_EXERCISE DESCRIPTION_:
Which lines of the data include the string "Color"? List them all.

_INPUT_:
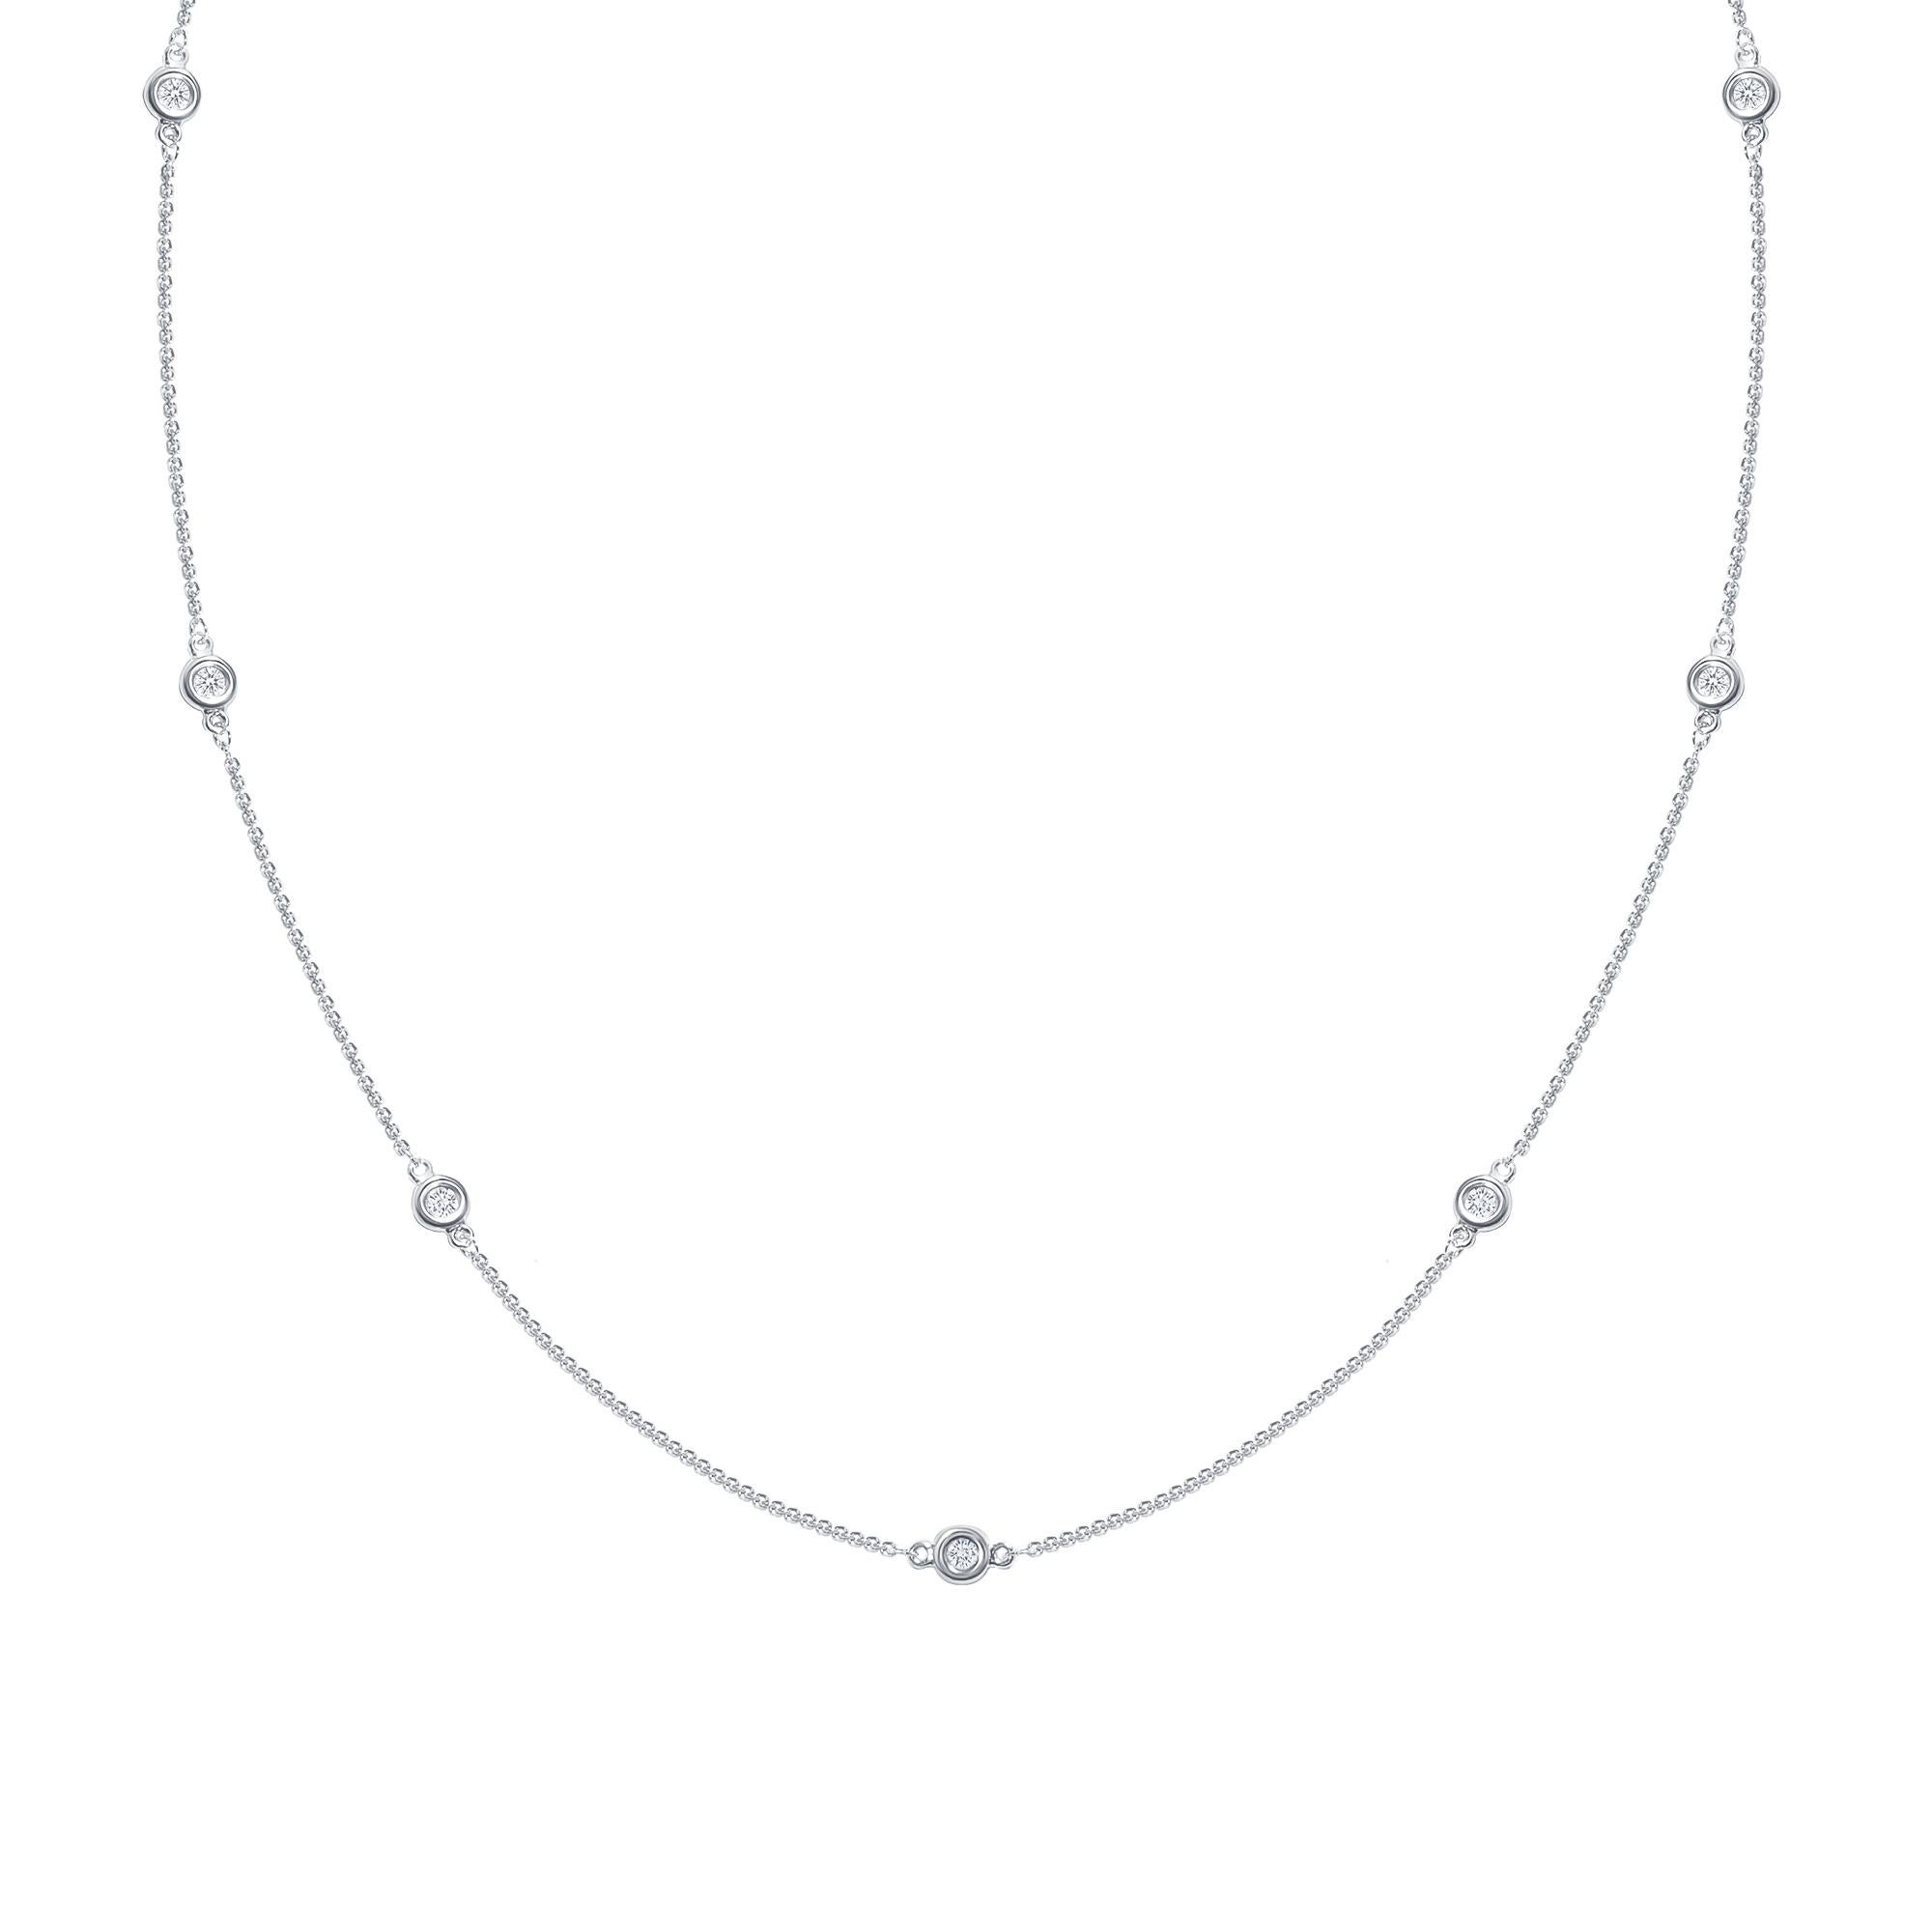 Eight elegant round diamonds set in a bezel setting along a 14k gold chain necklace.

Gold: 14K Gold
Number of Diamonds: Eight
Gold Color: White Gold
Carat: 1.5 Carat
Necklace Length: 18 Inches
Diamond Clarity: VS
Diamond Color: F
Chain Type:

* * *

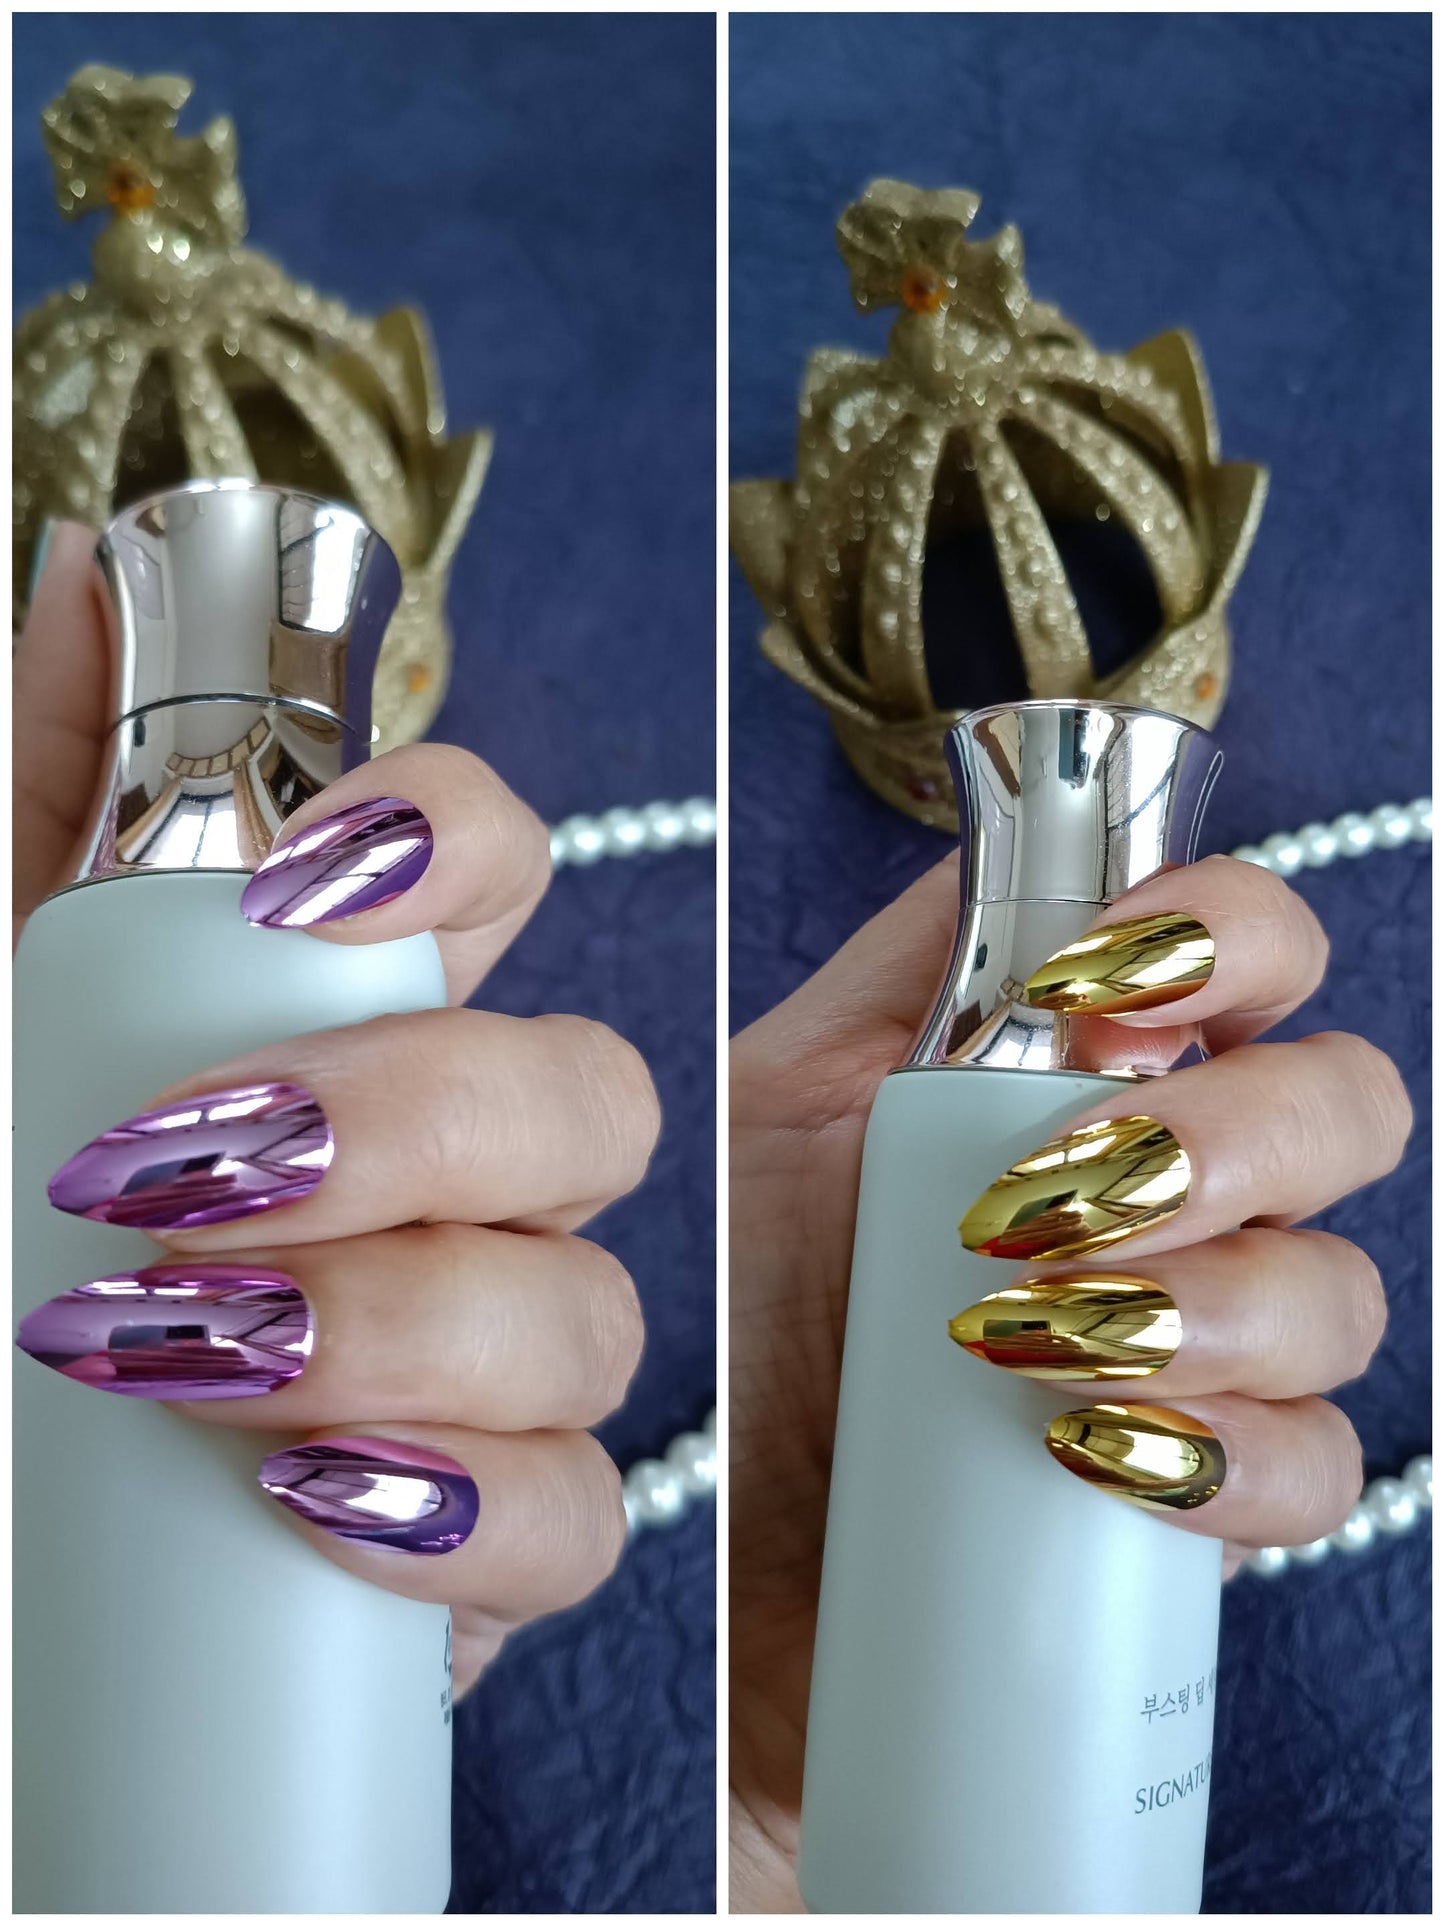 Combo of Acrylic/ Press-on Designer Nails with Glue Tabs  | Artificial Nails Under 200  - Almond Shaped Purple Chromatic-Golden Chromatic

--

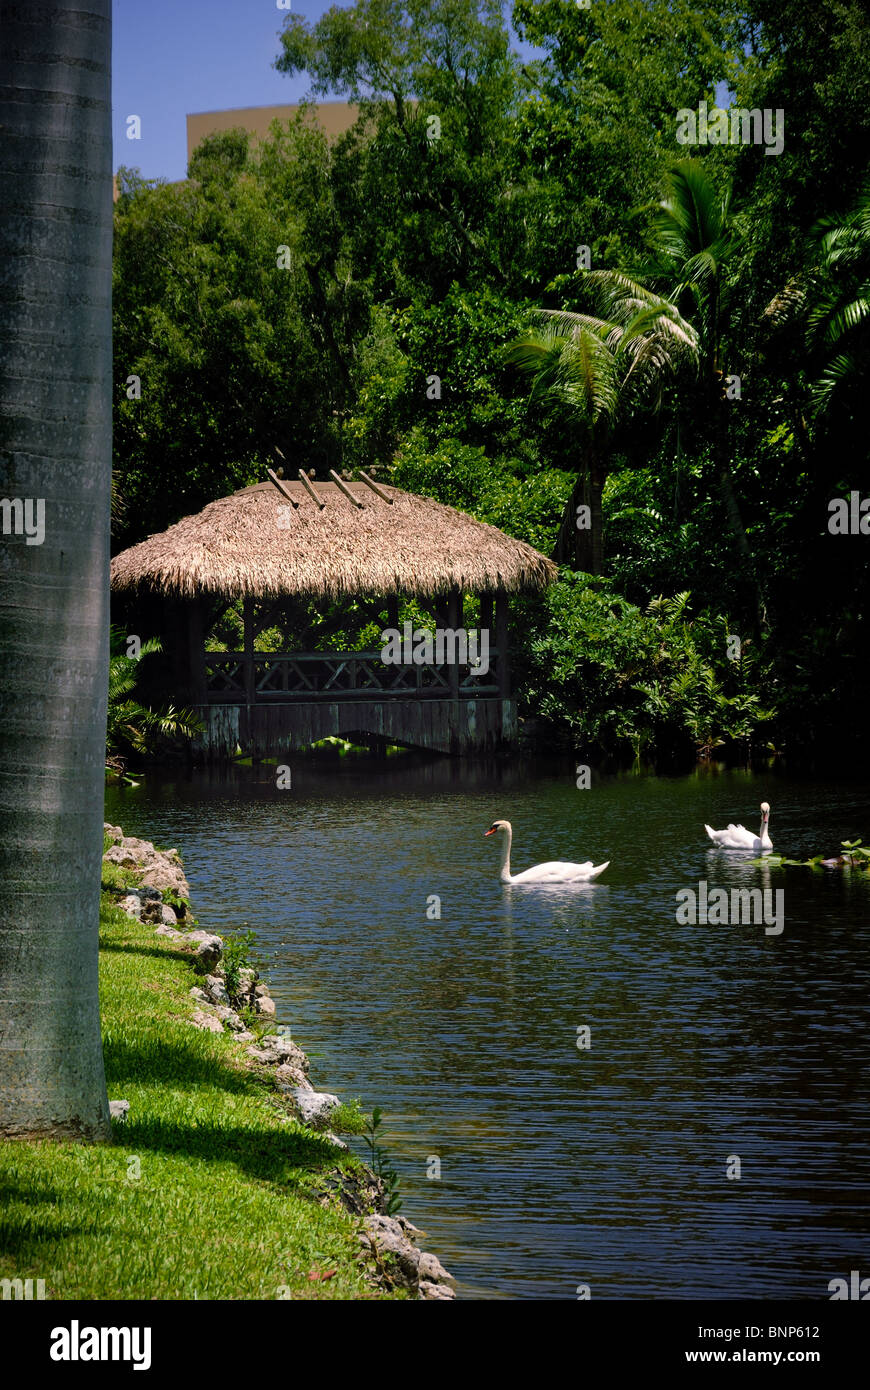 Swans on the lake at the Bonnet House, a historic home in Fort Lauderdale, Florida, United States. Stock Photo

_WRITTEN REPLY_:
Gold Color: White Gold
Diamond Color: F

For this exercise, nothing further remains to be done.